Behavioral Testing for Skill Classification Model
This directory contains behavioral tests for the skill classification model, following the methodology described in Ribeiro et al. (2020) "Beyond Accuracy: Behavioral Testing of NLP models with CheckList".
Overview
Behavioral tests go beyond traditional accuracy metrics to verify that the model behaves correctly in specific scenarios.

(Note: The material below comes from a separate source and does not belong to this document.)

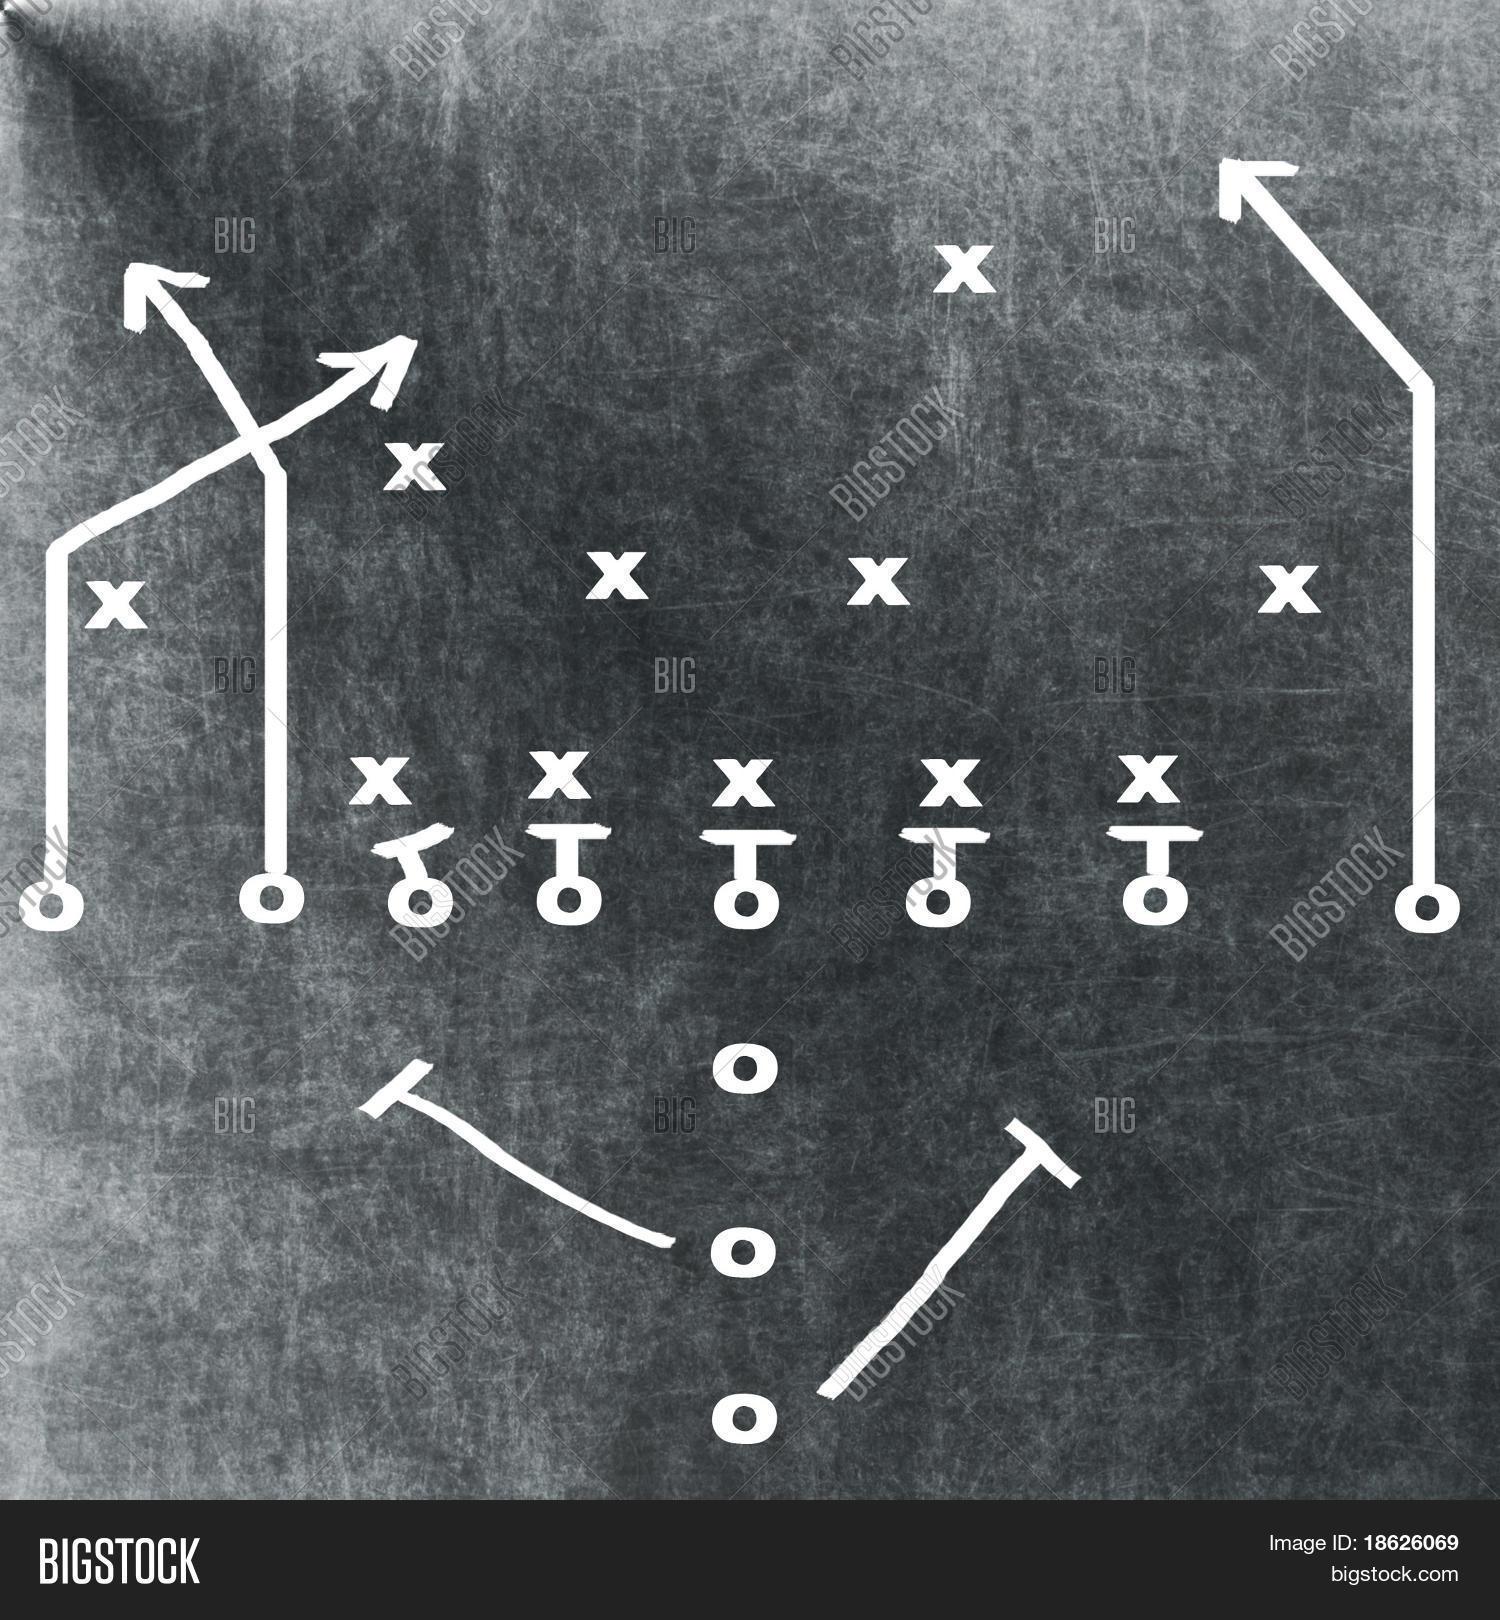 Football play on chalkboard image photo bigstock football play on a chalkboard pooptronica Images

The tests are organized into four categories:
1. Invariance Tests (test_invariance.py)
Tests that verify certain transformations to the input should NOT change the model's predictions significantly.
Examples:
- Typo robustness: "Fixed bug" vs "Fixd bug" should produce similar predictions
- Synonym substitution: "fix" vs "resolve" should not affect predictions
- Case insensitivity: "API" vs "api" should produce identical results
- Punctuation robustness: Extra punctuation should not change predictions
- URL/code snippet noise: URLs and code blocks should not affect core predictions
Run only invariance tests:
pytest tests/behavioral/test_invariance.py -v
2. Directional Tests (test_directional.py)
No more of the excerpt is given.